Task description: For this exercise, please reproduce the records below word for word, from the first line through the line with "Shrek and Fiona - Have-has got interrogative".

Input records:
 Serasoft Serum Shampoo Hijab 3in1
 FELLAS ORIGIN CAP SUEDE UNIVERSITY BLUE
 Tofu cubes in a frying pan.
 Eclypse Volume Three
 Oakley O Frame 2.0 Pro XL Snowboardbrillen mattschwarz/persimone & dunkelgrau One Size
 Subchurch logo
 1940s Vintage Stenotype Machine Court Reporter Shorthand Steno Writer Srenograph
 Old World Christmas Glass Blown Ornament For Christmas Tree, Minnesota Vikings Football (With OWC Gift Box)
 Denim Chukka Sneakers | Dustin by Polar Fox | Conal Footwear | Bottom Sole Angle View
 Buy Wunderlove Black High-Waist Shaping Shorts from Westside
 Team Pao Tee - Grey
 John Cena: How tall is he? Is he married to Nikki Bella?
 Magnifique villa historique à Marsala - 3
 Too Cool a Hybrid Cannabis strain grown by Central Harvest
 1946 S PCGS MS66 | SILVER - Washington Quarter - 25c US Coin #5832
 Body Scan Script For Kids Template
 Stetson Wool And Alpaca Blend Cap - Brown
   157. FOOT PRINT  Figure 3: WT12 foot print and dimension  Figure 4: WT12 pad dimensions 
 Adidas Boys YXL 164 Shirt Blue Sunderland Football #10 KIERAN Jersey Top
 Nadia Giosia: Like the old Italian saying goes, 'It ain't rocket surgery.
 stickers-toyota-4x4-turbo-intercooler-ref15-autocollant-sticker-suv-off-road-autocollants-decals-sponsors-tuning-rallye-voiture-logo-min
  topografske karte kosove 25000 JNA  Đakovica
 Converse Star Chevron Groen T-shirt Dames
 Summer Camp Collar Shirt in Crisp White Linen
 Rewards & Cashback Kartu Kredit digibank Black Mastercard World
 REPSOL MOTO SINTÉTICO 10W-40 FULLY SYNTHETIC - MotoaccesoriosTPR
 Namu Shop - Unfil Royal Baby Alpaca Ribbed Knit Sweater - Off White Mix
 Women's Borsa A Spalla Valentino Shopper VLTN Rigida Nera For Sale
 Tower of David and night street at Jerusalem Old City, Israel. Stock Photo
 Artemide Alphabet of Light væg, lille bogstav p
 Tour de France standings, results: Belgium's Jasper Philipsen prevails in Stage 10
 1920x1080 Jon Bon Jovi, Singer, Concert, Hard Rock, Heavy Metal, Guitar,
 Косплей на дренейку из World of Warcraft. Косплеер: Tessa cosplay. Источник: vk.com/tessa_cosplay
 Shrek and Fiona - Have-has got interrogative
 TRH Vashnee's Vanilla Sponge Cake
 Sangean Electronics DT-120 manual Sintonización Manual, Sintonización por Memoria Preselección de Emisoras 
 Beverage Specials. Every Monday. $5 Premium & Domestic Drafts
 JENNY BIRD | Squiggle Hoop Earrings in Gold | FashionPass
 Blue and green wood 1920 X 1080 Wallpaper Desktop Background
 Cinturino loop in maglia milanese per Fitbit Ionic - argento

Answer space:
 Serasoft Serum Shampoo Hijab 3in1
 FELLAS ORIGIN CAP SUEDE UNIVERSITY BLUE
 Tofu cubes in a frying pan.
 Eclypse Volume Three
 Oakley O Frame 2.0 Pro XL Snowboardbrillen mattschwarz/persimone & dunkelgrau One Size
 Subchurch logo
 1940s Vintage Stenotype Machine Court Reporter Shorthand Steno Writer Srenograph
 Old World Christmas Glass Blown Ornament For Christmas Tree, Minnesota Vikings Football (With OWC Gift Box)
 Denim Chukka Sneakers | Dustin by Polar Fox | Conal Footwear | Bottom Sole Angle View
 Buy Wunderlove Black High-Waist Shaping Shorts from Westside
 Team Pao Tee - Grey
 John Cena: How tall is he? Is he married to Nikki Bella?
 Magnifique villa historique à Marsala - 3
 Too Cool a Hybrid Cannabis strain grown by Central Harvest
 1946 S PCGS MS66 | SILVER - Washington Quarter - 25c US Coin #5832
 Body Scan Script For Kids Template
 Stetson Wool And Alpaca Blend Cap - Brown
   157. FOOT PRINT  Figure 3: WT12 foot print and dimension  Figure 4: WT12 pad dimensions 
 Adidas Boys YXL 164 Shirt Blue Sunderland Football #10 KIERAN Jersey Top
 Nadia Giosia: Like the old Italian saying goes, 'It ain't rocket surgery.
 stickers-toyota-4x4-turbo-intercooler-ref15-autocollant-sticker-suv-off-road-autocollants-decals-sponsors-tuning-rallye-voiture-logo-min
  topografske karte kosove 25000 JNA  Đakovica
 Converse Star Chevron Groen T-shirt Dames
 Summer Camp Collar Shirt in Crisp White Linen
 Rewards & Cashback Kartu Kredit digibank Black Mastercard World
 REPSOL MOTO SINTÉTICO 10W-40 FULLY SYNTHETIC - MotoaccesoriosTPR
 Namu Shop - Unfil Royal Baby Alpaca Ribbed Knit Sweater - Off White Mix
 Women's Borsa A Spalla Valentino Shopper VLTN Rigida Nera For Sale
 Tower of David and night street at Jerusalem Old City, Israel. Stock Photo
 Artemide Alphabet of Light væg, lille bogstav p
 Tour de France standings, results: Belgium's Jasper Philipsen prevails in Stage 10
 1920x1080 Jon Bon Jovi, Singer, Concert, Hard Rock, Heavy Metal, Guitar,
 Косплей на дренейку из World of Warcraft. Косплеер: Tessa cosplay. Источник: vk.com/tessa_cosplay
 Shrek and Fiona - Have-has got interrogative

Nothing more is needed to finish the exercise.